Aidan (Lucian & Lia #5) - Sydney Landon
I look around the outdoor beach bar as I ponder the latest email from my father. I know he’s not telling me something. Of course, I can’t really blame him, considering I left town almost a year ago and haven’t been back since. You don’t do that kind of shit when you’re an only child. But I couldn’t stay. When the woman you thought was the love of your life since childhood dies and you do nothing to save her, it tends to fuck you up in the head a bit. So yeah, as soon as my best friend, Lucian Quinn, married Lia and promptly popped out a kid on their wedding night, I’d taken off.

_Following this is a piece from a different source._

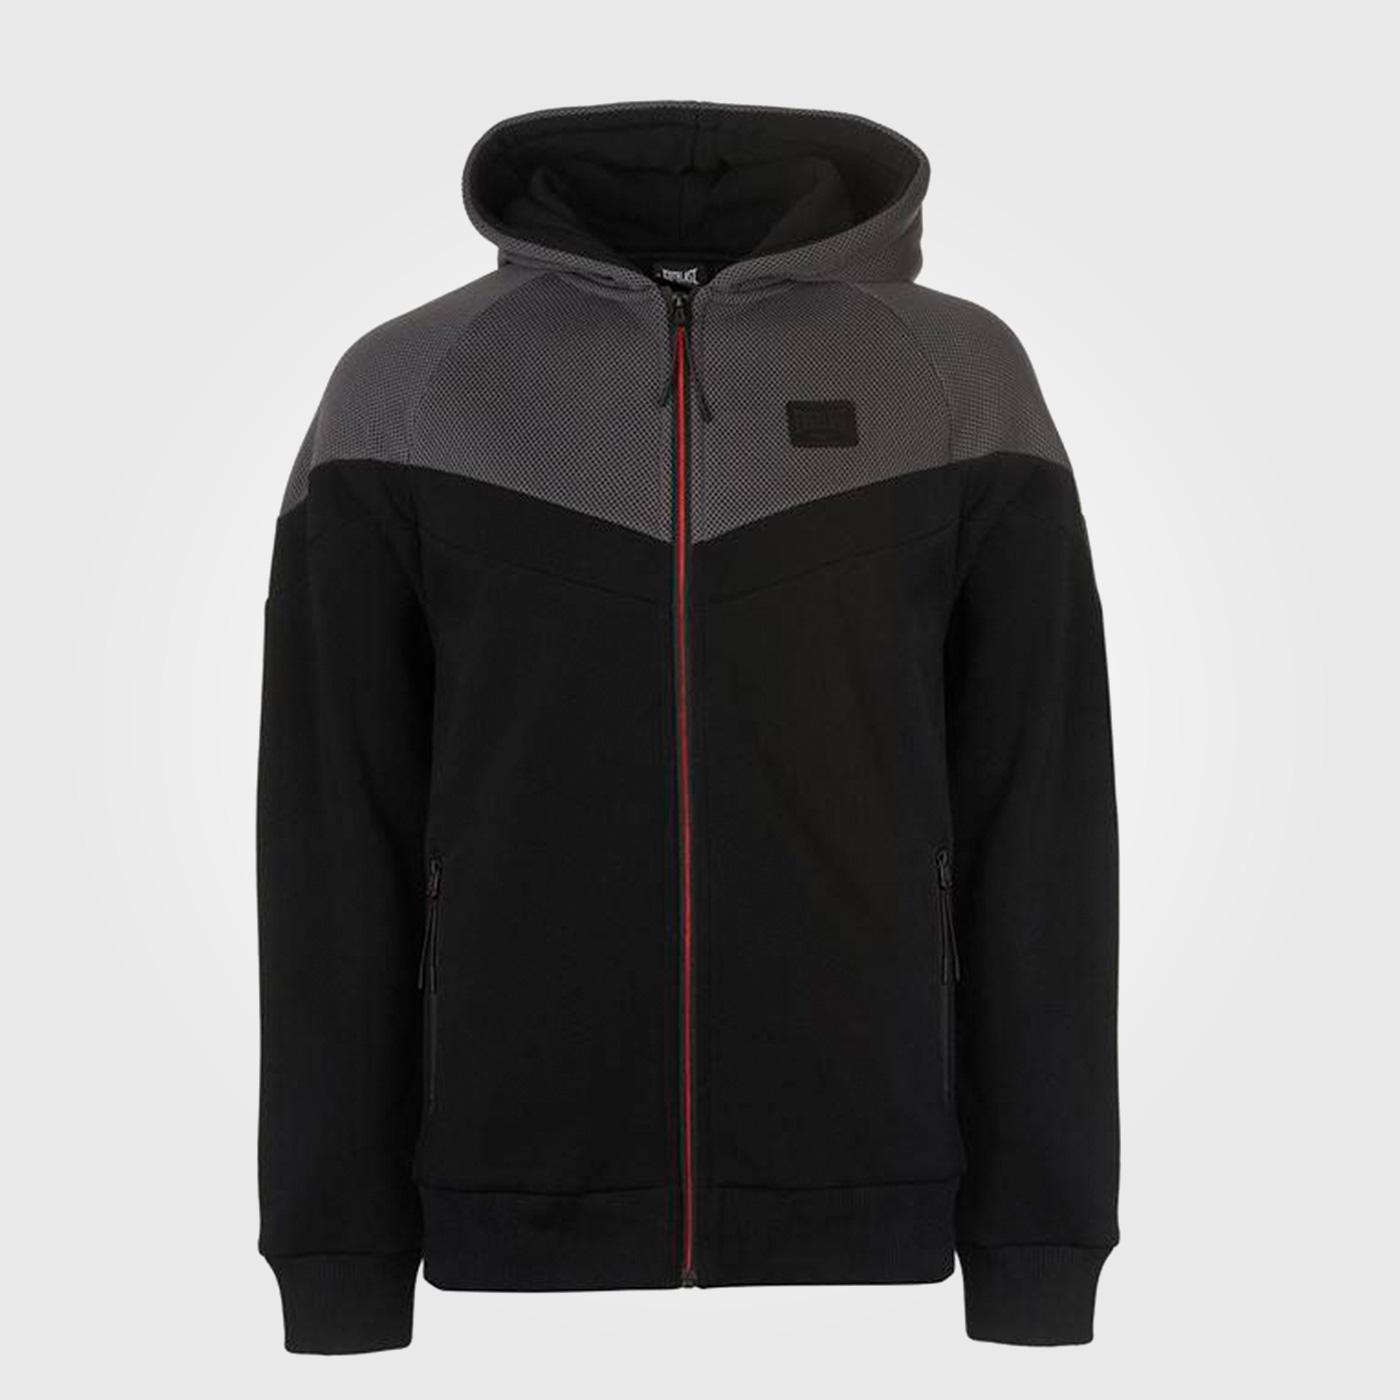 Толстовка Everlast Premium Zipped Mens Black

I didn’t have a particular destination in mind when I left Asheville, North Carolina, but when I stopped for gas in Charleston, South Carolina, I decided to stay the night. And I never left. I rented a house right on the ocean, spending my days wandering around in the tide and my nights drinking far too much. I also fucked my way through most of the women vacationing in the area. I know what you’re thinking: How could I sleep with someone else so soon after losing the woman I professed to love? First off, no sleeping was involved. It was straight fucking—hard—and then I’d show them the door. No strings, no feelings, no flowers. Instead of considering me a lousy bastard, look at it as me simply trying to avoid dealing with the shitshow I call my life.

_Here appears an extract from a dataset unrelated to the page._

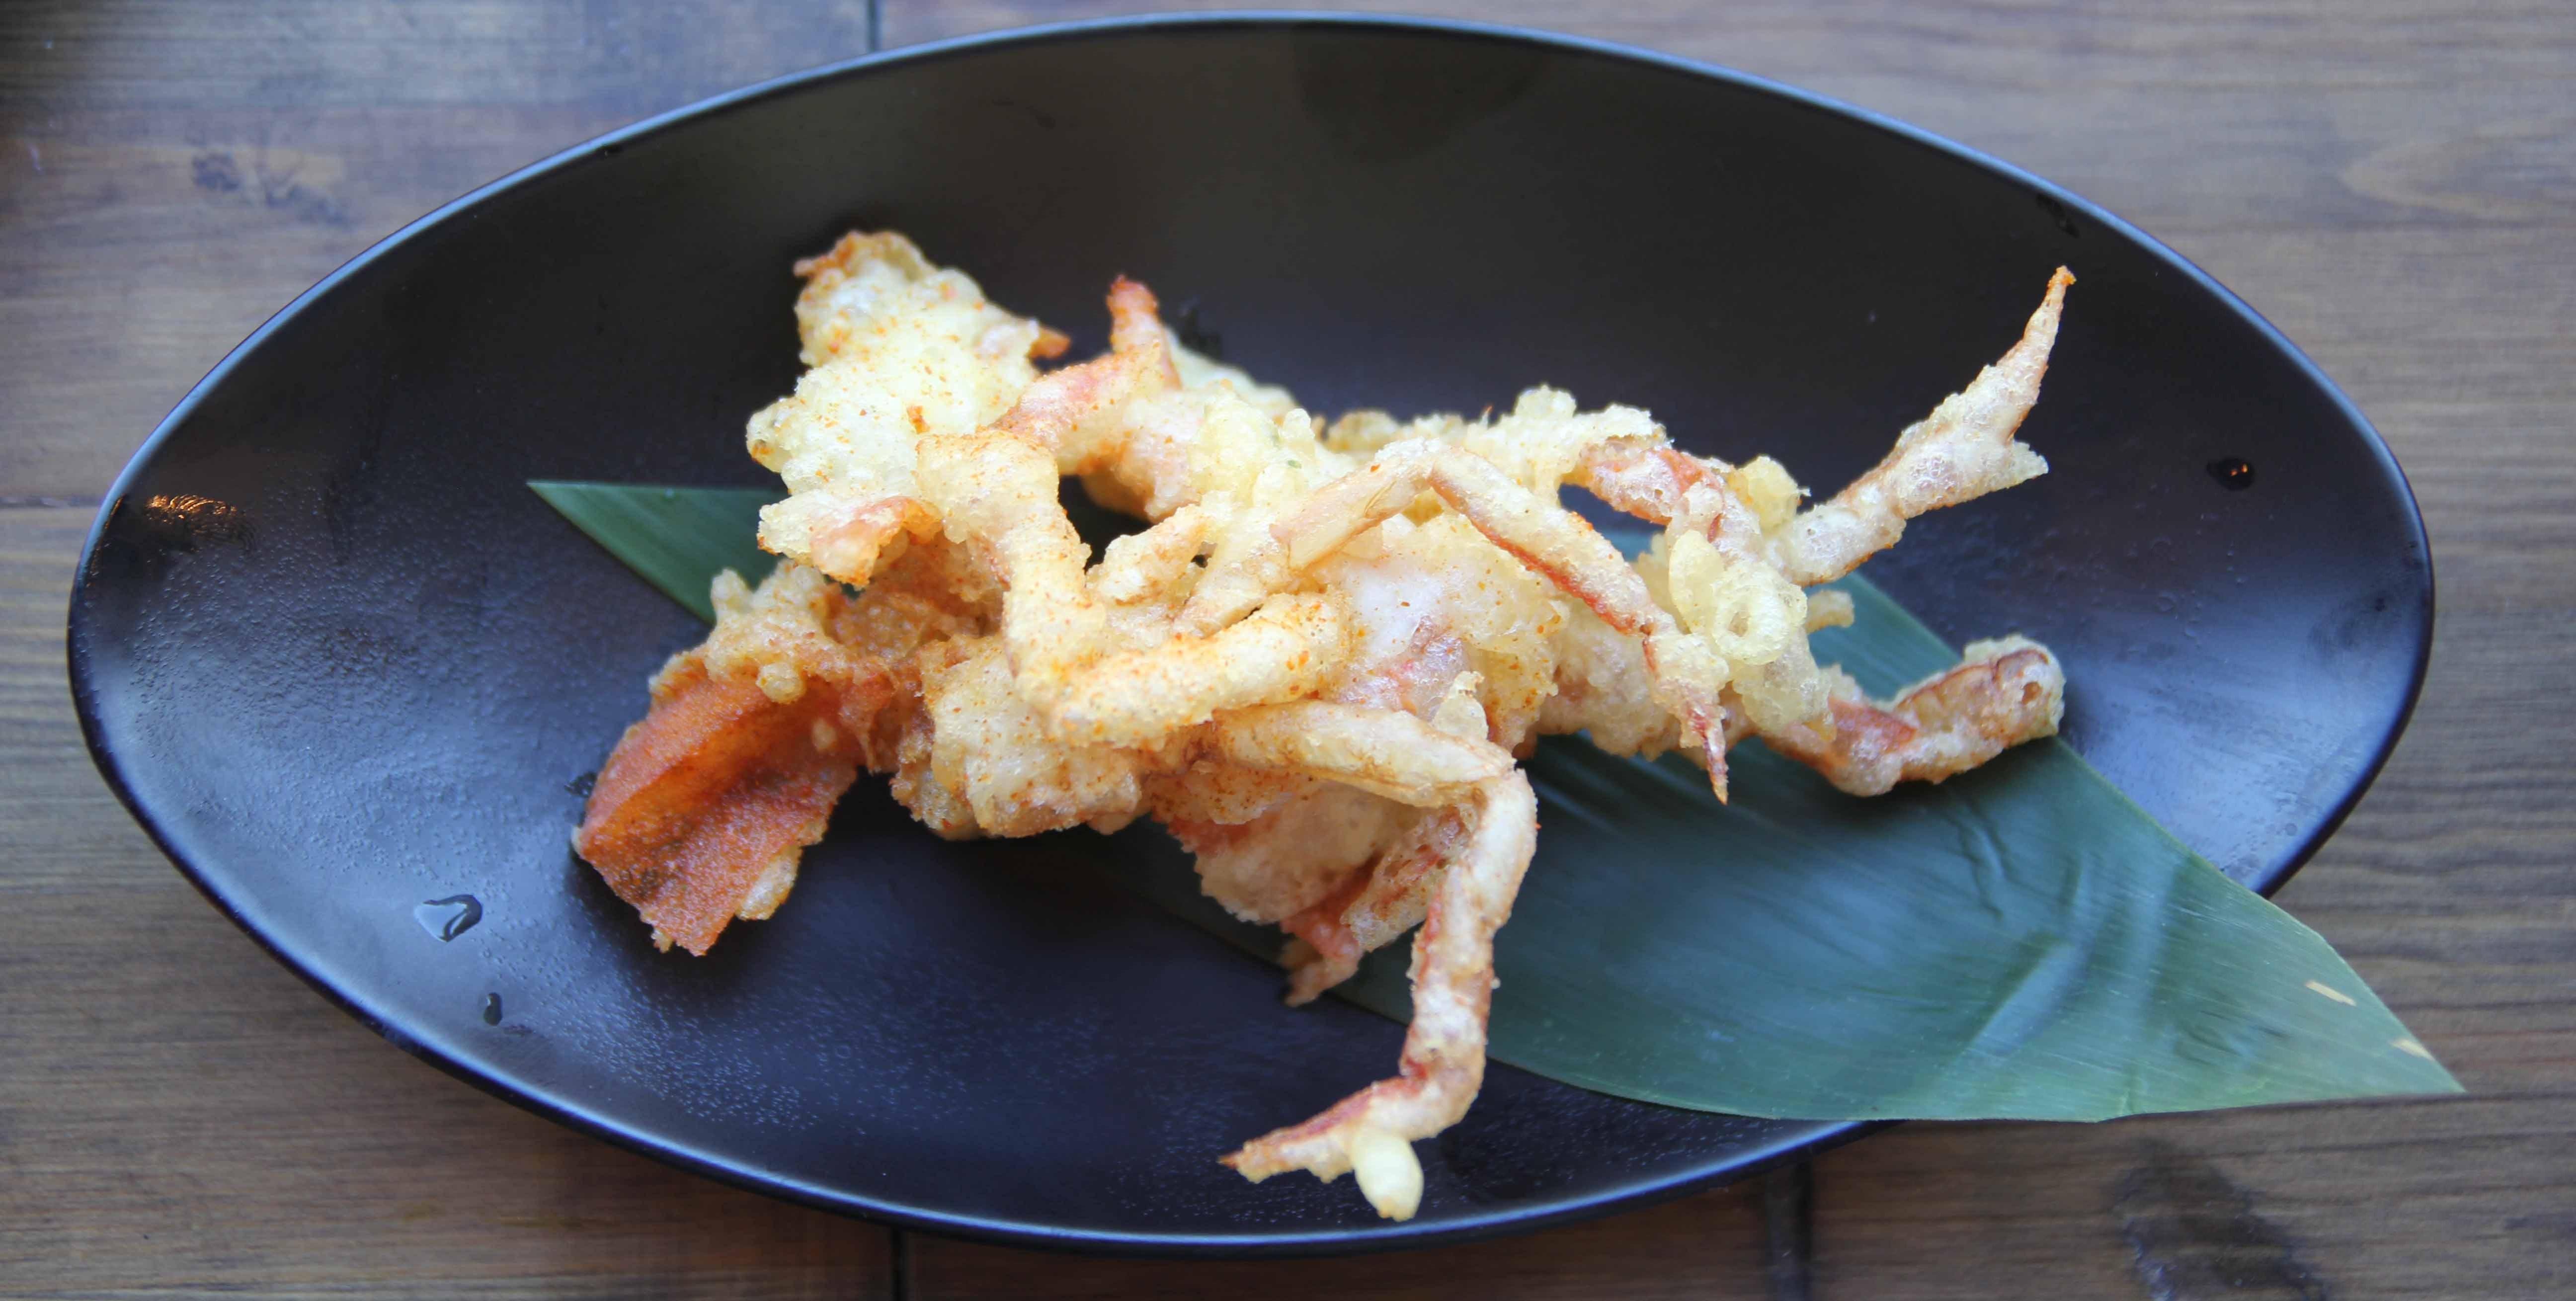 Soft-shell crab tempura

Unfortunately, as it often happens, life has intruded on my frat-boy existence. My mother is sick, and my father is being as evasive as a dirty politician up for re-election. I know she hasn’t been feeling well for the last month, and she’s had some tests run, but that’s about as much as anyone’s told me. Since I’ve cut off most contact with my friends, I can’t really blame anyone other than myself for the fact that I’m three hundred miles from home and have no fucking idea what’s going on. Wasn’t that the way I wanted it? Hell, I laid down that law when I left. I gave Lucian and my father my new email address, instructing them both it was for emergencies only, and I hadn’t looked back.

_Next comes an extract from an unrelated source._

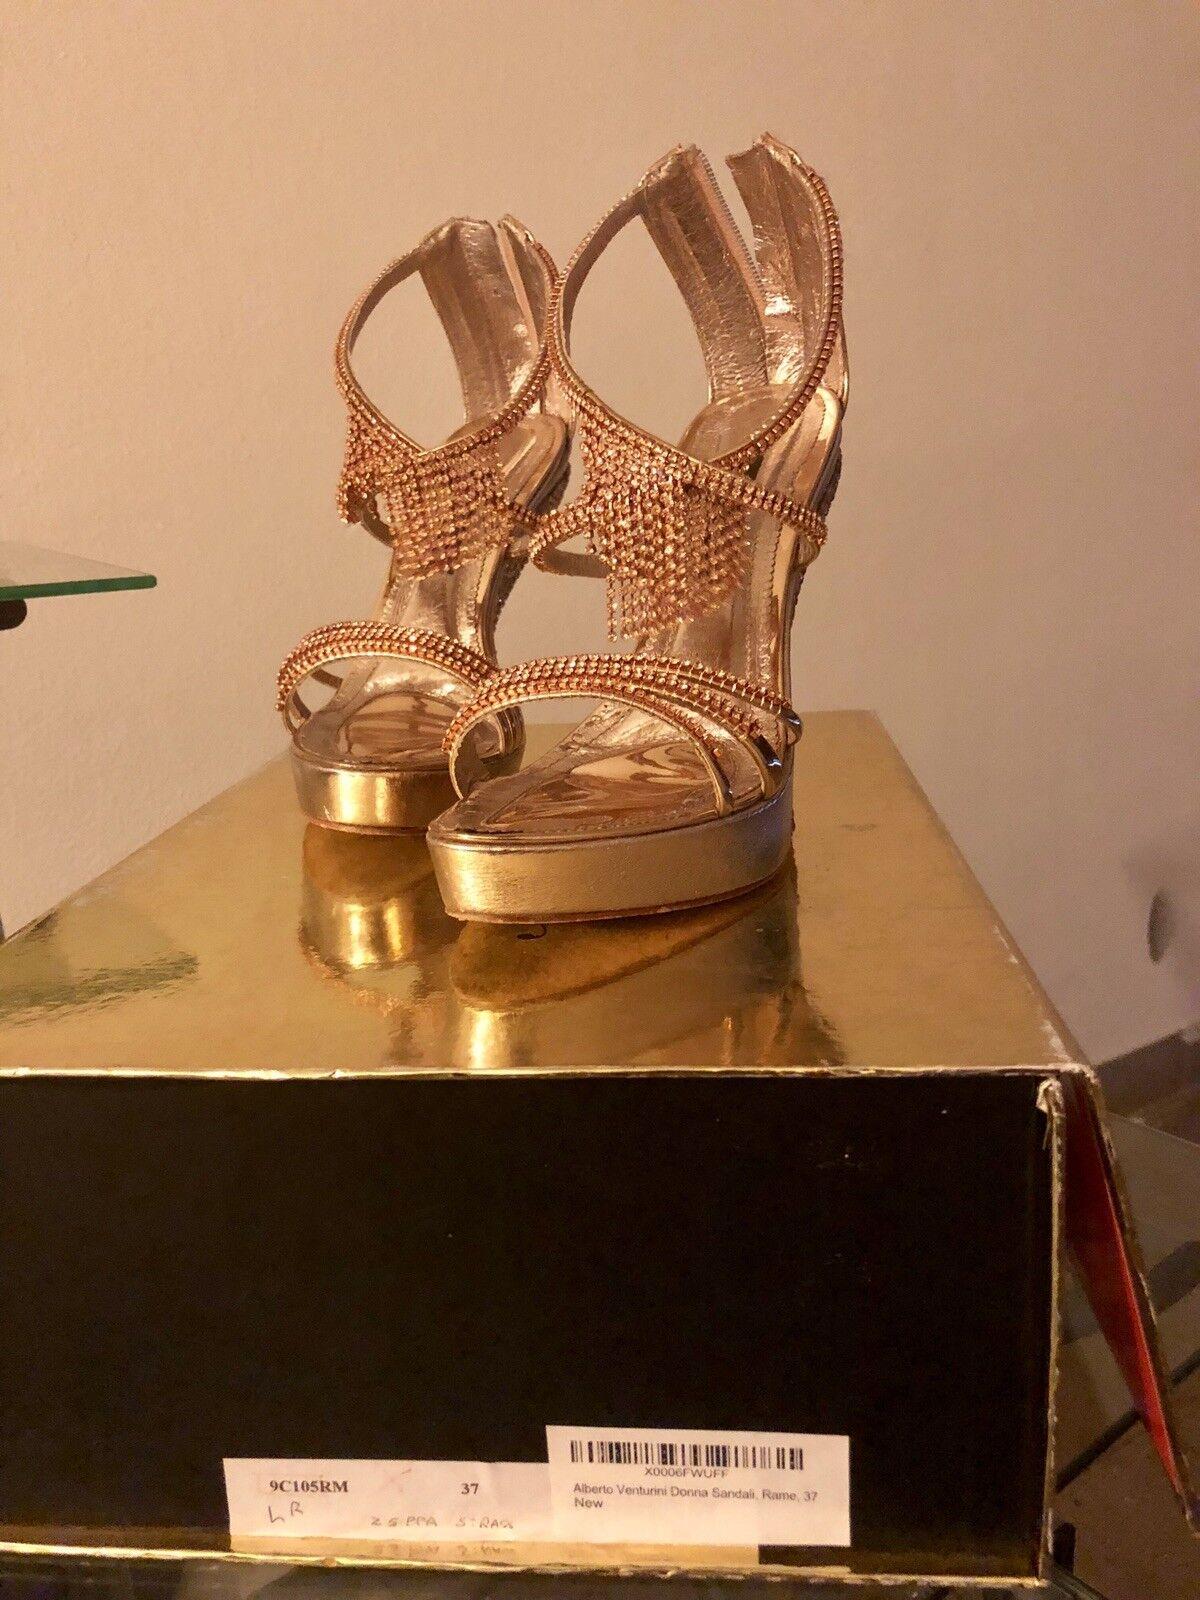 Sandalo Alberto Venturini Donna Cerimonia Sera Sandali Eleganti Donna

Truthfully, I didn’t miss anyone for months. I’d been too mired in my own misery to wonder about the outside world. I received regular messages from both Luc and my father, and sometimes I replied, but more often, I didn’t. Lucian and I had been friends since grade school. We’d been quite a pair. He was the brains of the outfit, and I was the comic relief. Then Cassie Wyatt came along, and there were three of us.
I was crazy in love with Cassie from the first, but Luc had always been it for her, and that never changed. As in all famous love stories, theirs was eventually mired in tragedy and death. Cassie struggled with mental illness, and when she got pregnant during college with Luc’s baby, things took a turn for the worse. We were sharing an apartment, and despite my infatuation with her, even I’d noticed her increasingly erratic behavior. I was afraid being off her bipolar medication would send her into a tailspin, and my fears were justified.
I was in the habit of staying out late most nights just to avoid the almost daily fights between Luc and Cassie. On the night our lives changed forever, I’d gone home early. I’d been restless that evening and not really in the mood for the endless partying that had become so much a way of life. I figured I’d make some excuse about not feeling well and go straight to my room. With that plan in mind, it had been rather anti-climactic to find a quiet apartment when I arrived home. I had grabbed a glass of water and was walking down the hallway when I heard a muffled shout, followed by laughter that seemed eerily sinister.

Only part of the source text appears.